Вспоминаю, как кричал наверху Кевин, как пламя свечей отбрасывало отсветы на каменные стены подвала. Сквозь раструб лилась красная жидкость, и существо громко урчало и насыщалось. Огромная пасть раскрывалась все шире, она тянулась к раструбу — так младенец тянется к материнской груди.
Вспоминаю, как мистер Денофрио поднял лежавший около каменной плиты молоток и еще какой-то инструмент — с острым зубцом и чем-то вроде крана. Я стоял и смотрел, а он загнал инструмент прямо в плоть существа. Тогда я понял: это старые рубцы и шрамы виднеются под слоями серо-зеленой слизи.
Вспоминаю, как из крана в хрустальную чашу, чашу для причастия лилась красная жидкость. Нигде в мире не встретишь такого яркого и чистого красного цвета.
Вспоминаю, как сделал глоток, как осторожно, очень осторожно нес чашу наверх, Кевину. А потом сам уселся в кожаное кресло.

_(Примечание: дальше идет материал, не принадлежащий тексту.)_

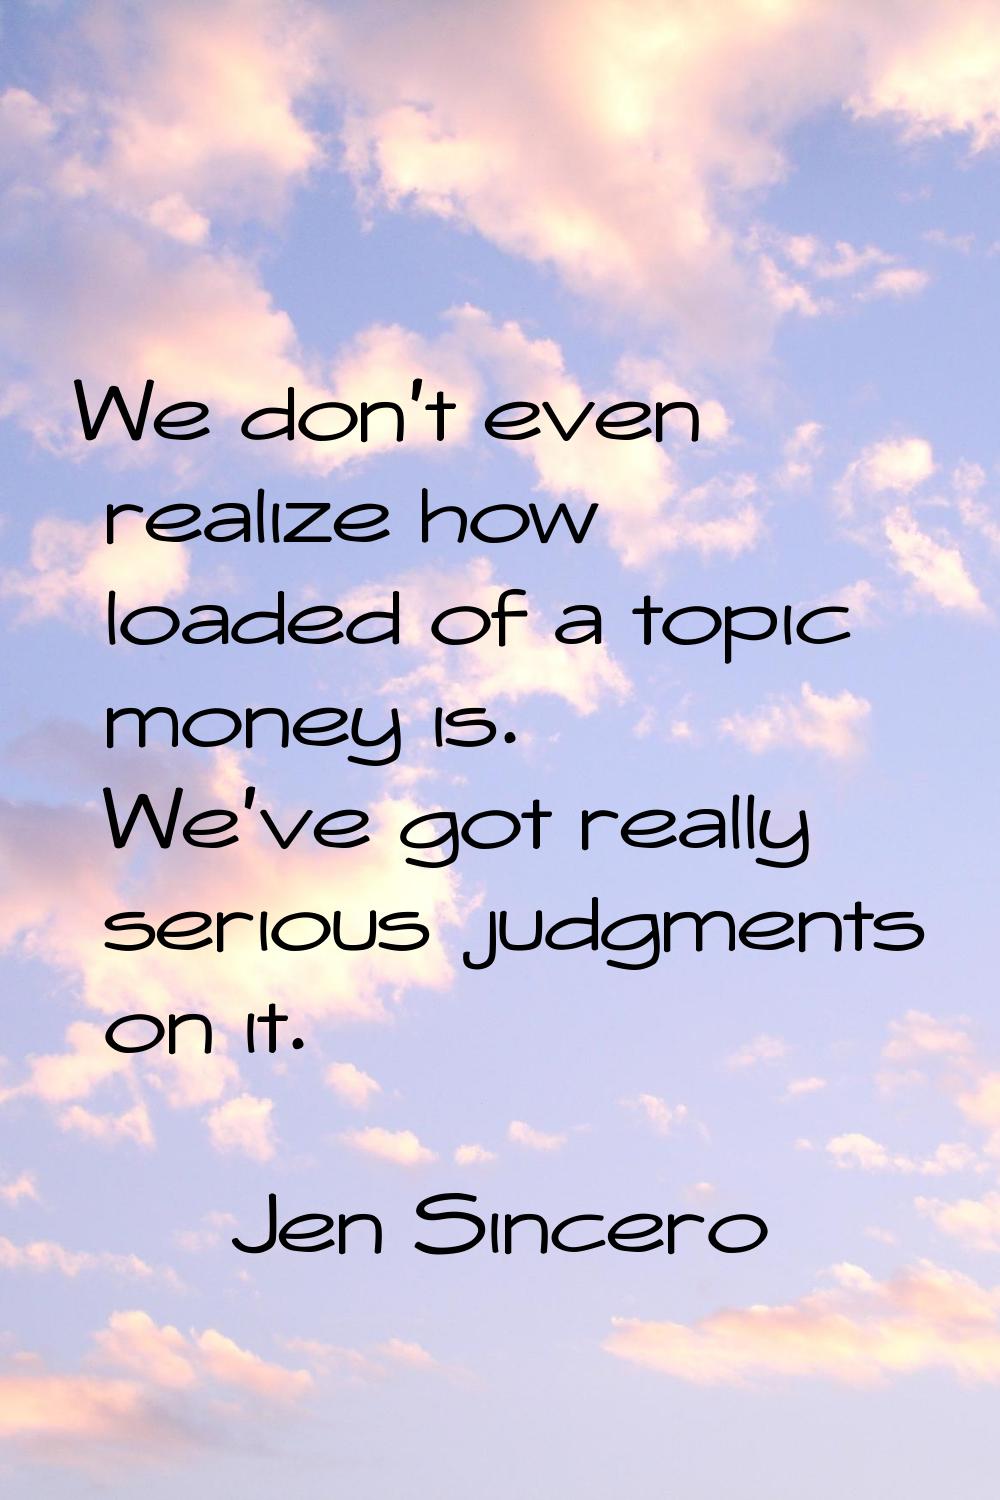 We don't even realize how loaded of a topic money is. We've got really serious judgments on it.

Цирюльник возвращается. В его руках чаша. Порез уже закрылся. Опускаю рукав и делаю глоток.
Потом облачаюсь в свой собственный белый халат. Цирюльник уже ждет меня, сидя в кресле.
— Вас подровнять сегодня?
— Думаю, нет, — отвечает он. — Просто побрейте, пожалуйста.
Работаю очень тщательно. В конце он проводит пальцами по гладким щекам и подбородку и одобрительно кивает. Совершаю обычный ритуал и спускаюсь вниз.
В склепе Хозяина тихо, на полу горят свечи. Я жду, пока кровь очистится, и размышляю о бессмертии. Хозяин по-настоящему бессмертен, ему уже миллионы лет… ему и другим Хозяевам, но маленькую частичку своей вечности он милостиво даровал нам. Этой частички вполне достаточно.
Мой коллега выпивает свою порцию, и я убираю чашу на место. Пора поднять жалюзи и открыть цирюльню.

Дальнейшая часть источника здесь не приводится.